Discussão começa nesta quarta-feira, e a votação deve ficar para a próxima terça

O Senado aprovou nesta terça-feira, por 46 votos a favor e 19 contra, o requerimento de urgência para tramitação do PLC 38/2017, que trata da reforma trabalhista.

Agora, o projeto pode ser colocado em votação depois de duas sessões ordinárias da Casa. A proposta terá a discussão iniciada na sessão desta quarta-feira, e a votação deve ficar para a próxima terça-feira (11).

A base governista quer votar o texto antes do recesso parlamentar, que começa no dia 18 de julho.

Para ser aprovado no plenário, o texto precisa de maioria simples (metade dos senadores presentes, mais um). Se passar sem mudanças, a reforma segue para a sanção do presidente Michel Temer. 

Mais cedo, o senador Jorge Viana (PT-AC) defendia que, durante esta semana, o tema fosse apenas debatido pelos parlamentares e que o encaminhamento e votação ficassem para o dia 12 de julho.

O líder do governo e relator da reforma trabalhista na Comissão de Constituição e Justiça (CCJ), senador Romero Jucá (PMDB-RR), disse que a votação não poderia passar da próxima semana.

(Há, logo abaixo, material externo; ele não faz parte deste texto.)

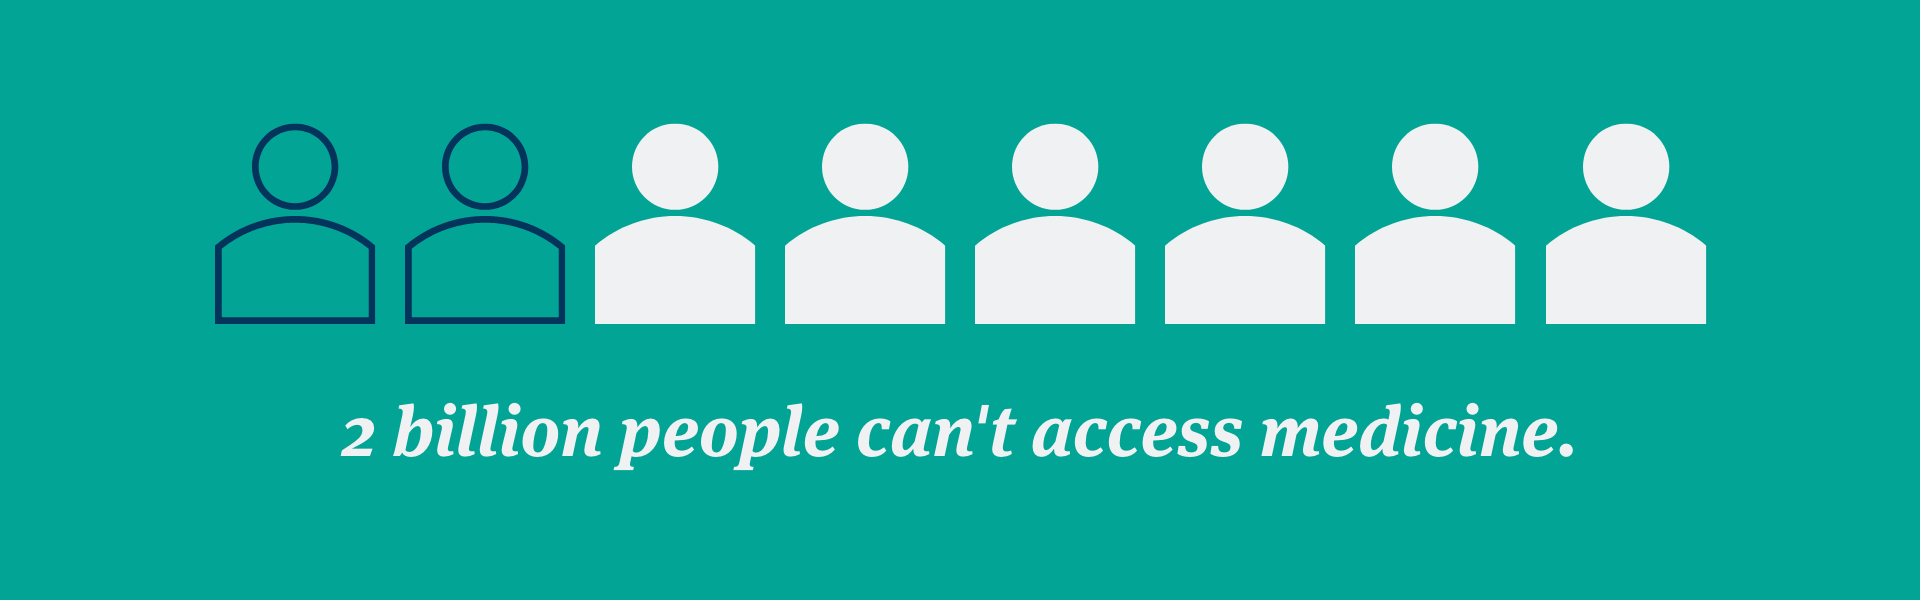 An infographic showing 2 billion people cannot access medicines

A reforma trabalhista já passou por três comissões do Senado. Numa delas, a Comissão de Assuntos Sociais, a proposta governista, relatada pelo senador Ricardo Ferraço (PSDB-ES), foi rejeitada.

Negociação

O governo tem pressa para aprovar o projeto, porque acredita que um resultado favorável pode sinalizar ao mercado que Temer tem condições de continuar no cargo e superar as crises econômica e política.

Para tentar obter apoio dos senadores, o presidente se comprometeu a fazer vetos e editar uma Medida Provisória que modificasse alguns pontos do texto aprovado na Câmara. Com essas intervenções, o governo evita alterações direitas no texto, que fariam com que projeto voltasse para apreciação na Câmara.

Alguns pontos que estão em negociação são o fim da autorização para que mulheres grávidas ou que amamentam possam trabalhar em locais insalubres com atestado médico, a vedação de contratos de exclusividade com trabalhadores autônomos e a determinação de que jornadas de 12 horas por 36 horas de descanso só possam ser acertadas em negociações coletivas.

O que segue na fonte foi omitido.